Но то было два дня тому назад, а сегодня мы с Петровичем лежим в закутке огромной палаты, поглядываем на склянки капельниц и терпеливо ждём, когда они опустеют. Нудное это, скажу вам, времечко: ни встать с постели, ни повернуться на ней толком… Хотя Семён Петрович из-за своей дырявой памяти прослыл закоренелым анархистом: иногда он удивлённо пялил глаза на волосатую, как собачий хвост, руку и, словно бы зная, что осторожность – мать мудрости, бережно вытаскивал из вены иголку капельницы. Тут уж мне было зевать никак нельзя: кричал за ширмочку старушкам, и те, привыкшие к коварству соседа, советовали толстухе: «Марья, ори!». И звериный рёв оглушал ПИТ.

Утром на этот зов вместе с дежурной сестрой за ширмочку заглянул и заведующий отделением:

– Всё ещё хулиганите? – грозно спросил он у Суслова. И волосы на его треуголке ещё больше взъерошились, казалось, он хотел боднуть нарушителя больничной дисциплины и раз и навсегда пригвоздить того к постели. – Чтобы больше такого не было!

И довольный тем, что Семён Петрович обиженно отвернулся к стене, участливо спросил у меня:

– Может быть, вас в отдельную палату перевести? И не шумно там, и вот таких вот молочников нет, – вспомнил, колючая голова, перебранку Суслова с продавщицей.

Об отдельных палатах я уже был порядком наслышан, сейчас в каждой больнице они есть, в каждом отделении. Хочешь в одноместную ложись, хочешь – в двух, как карман позволяет. Да зачем мне туда? Человек – существо сообщительное, а в отдельной-то палате я и говорить разучусь.

Так заведующему и сказал. Тот разочарованно крутнулся на высоких каблучках и исчез. Но, знать, в палате интенсивной терапии основная масса больных подолгу не залёживалась: дня два-три – и их выпроваживали в менее тяжёлые палаты кардиологии.

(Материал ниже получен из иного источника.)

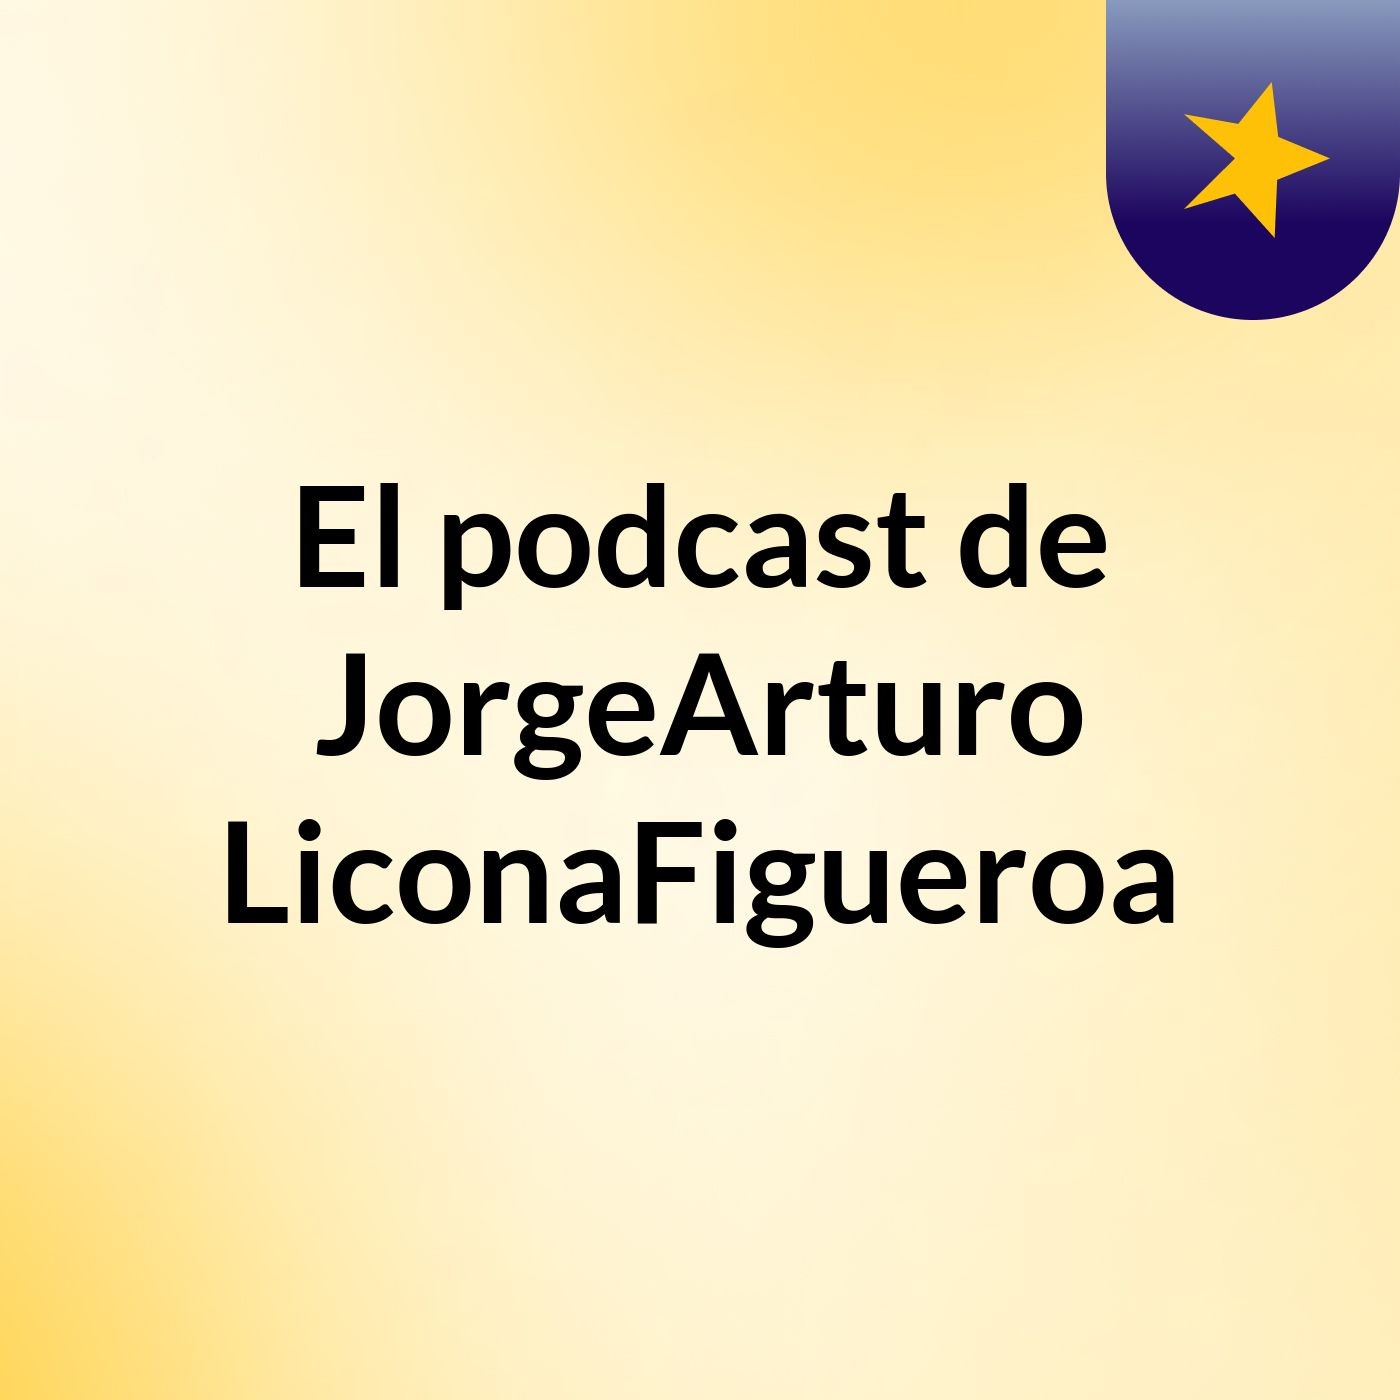 Episodio 7 - El podcast de JorgeArturo LiconaFigueroa

Дошла очередь и до меня: после обеда я пожал «Весёлому молочнику» руку и пошёл вслед за нянькой в соседнюю палату.

Она оказалась на четыре койки, две из которых были заняты: возле дальней стоял, опираясь одной лапой на тумбочку, а другой – на костыль, огромный пузатый старик. Он громко сопел, словно на его спину взвалили Кавказский хребет, и тяжело смотрел за окно. И его будоражила весна: створки-то окна были распахнуты настежь, и с улицы доносился шум апреля – грохот контейнеров грузившейся возле хозяйственного блока мусоровозки и яростный крик дворника, командовавшего трактором-подметалкой, нанятого, знать, местным начальством для кардинальной очистки захлюстанных за зиму больничных аллей.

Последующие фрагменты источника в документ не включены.